Abu-Omar's team took a compound based on rhenium, a comparatively rare metal often obtained while mining copper, and added it to the organosilane in the presence of water. Over the course of an hour, the organosilane changed completely into silanol, leaving the water and rhenium catalyst unchanged. But the team also noticed there was a gas bubbling from the mixture.

"It turned out to be pure hydrogen," Abu-Omar said. "The reaction is not only efficient at creating silanol, but it also generates hydrogen at a high rate in proportion to the amount of water."

The team estimates that about 7 gallons each of water and organosilane could combine to produce 6 1/2 pounds of hydrogen, which could power a car for approximately 240 miles.
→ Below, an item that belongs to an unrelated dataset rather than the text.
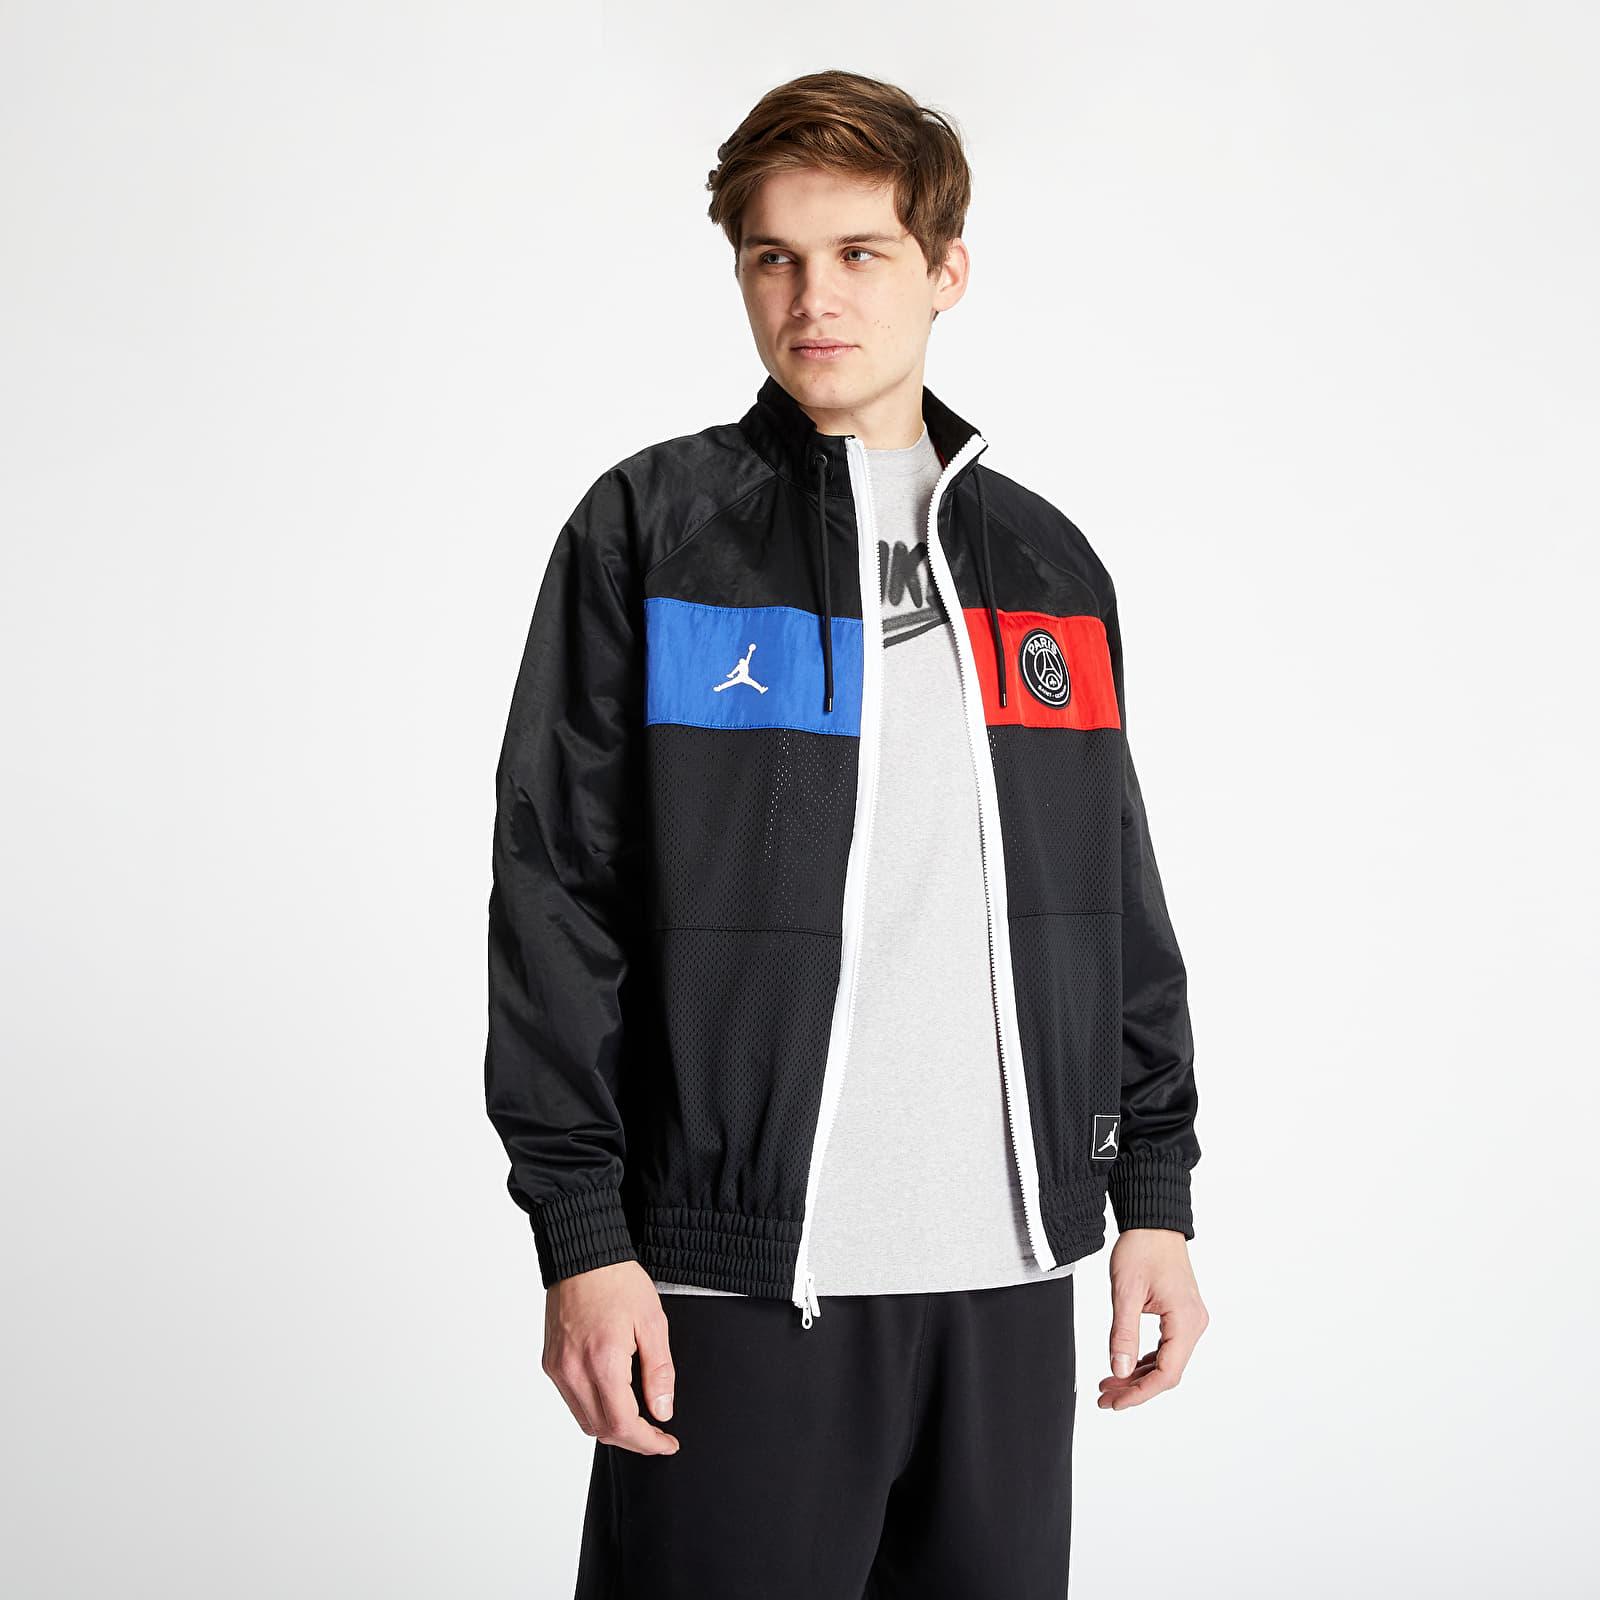 Jacken Jordan Paris Saint-Germain Air Jordan Suit Jacket Black/ Game Royal/ University Red

"The big question is, of course, whether it would be economically viable to create organosilane fuels in the quantities necessary to power a world full of cars," Abu-Omar said. "As of right now, there simply isn't enough demand to make more than small volumes of this liquid, and while it's a relatively easy process, it's not dirt cheap either."

But, Abu-Omar speculated, producing organosilanes in larger quantities would bring the price down, and the byproduct – silanol – also could be recycled or sold to lessen the overall cost.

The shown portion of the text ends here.